想到这里,白氏又开口对旁边的红云道:“你去告诉三少奶奶,让她这次和老二媳妇一起好好管事,管事的时候也别太听二少奶奶的了,该有自己主意的时候要有。”
红云道是。
说起高氏,白氏又想起自己儿子来,又问道:“三少爷最近在做什么,她和高氏的关系还是没有改善?”
红云开口回答道:“三少爷最近都呆在府里,听三少爷屋里的丫鬟说,三少爷大部分时间都呆在屋子里读书,只每天傍晚的时候会一个人出去花园里散散步。至于三少爷和三少奶奶,奴婢只听说三少爷最近一直住在书房里,许多天不曾回过正房了。”

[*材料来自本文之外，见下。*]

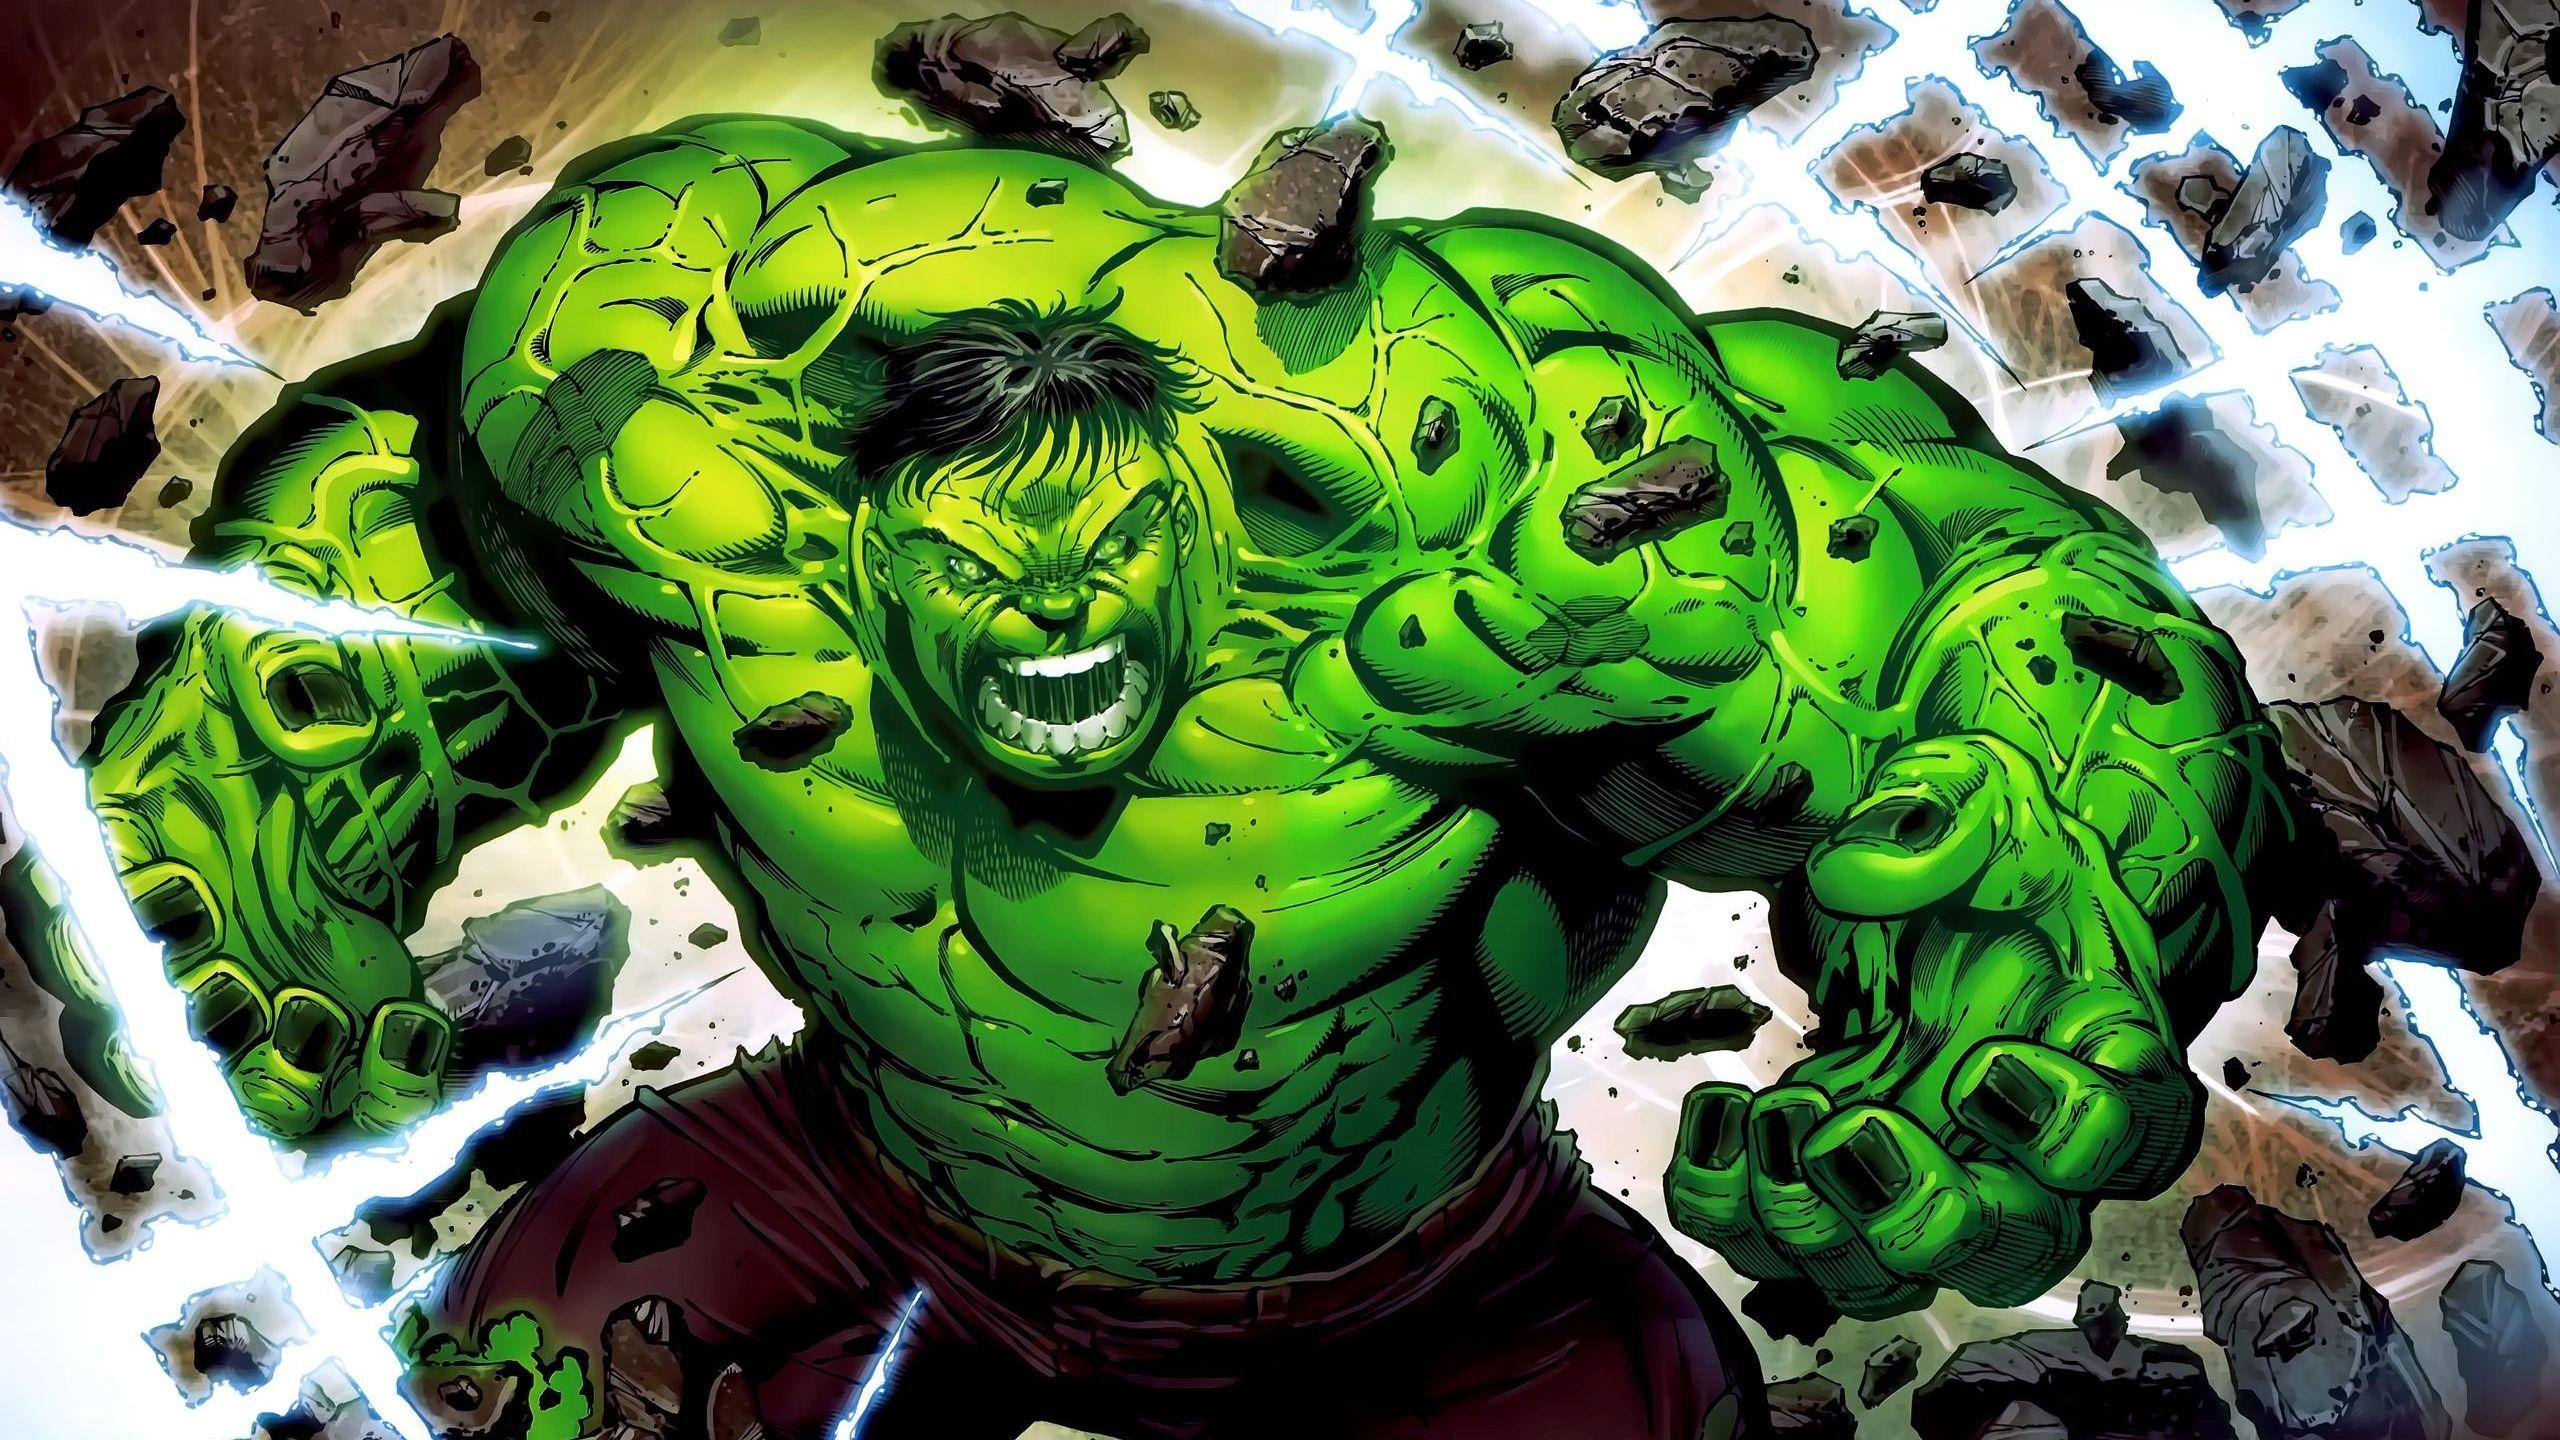 Cool Wallpaper Marvel The Incredible Hulk - 0e1b1a8020dc6f0a8c8f3daa15081202  Gallery_13534.jpg

白氏点了点头,欣慰的道:“玹哥儿真是懂事了,知道用功了。”说着又想到他和高氏的关系,又觉得头疼,她自然不会认为是自己儿子的错,只是有些埋怨高氏道:“高氏也真是的,连自己的丈夫都笼络不住。便是她自己长得难看笼络不住男人,也该提拔两个漂亮的丫头放在屋里,到时候玹哥儿自然就愿意回正房了。”只要玹哥儿愿意回正房,十天里哪怕只有个一两天能与玹哥儿同房,怀上子嗣的机会也有了。
王氏与老二一向恩爱,只怕过不了多久她就能怀上了,玹哥儿总要抢在老二前面生下嫡子才好。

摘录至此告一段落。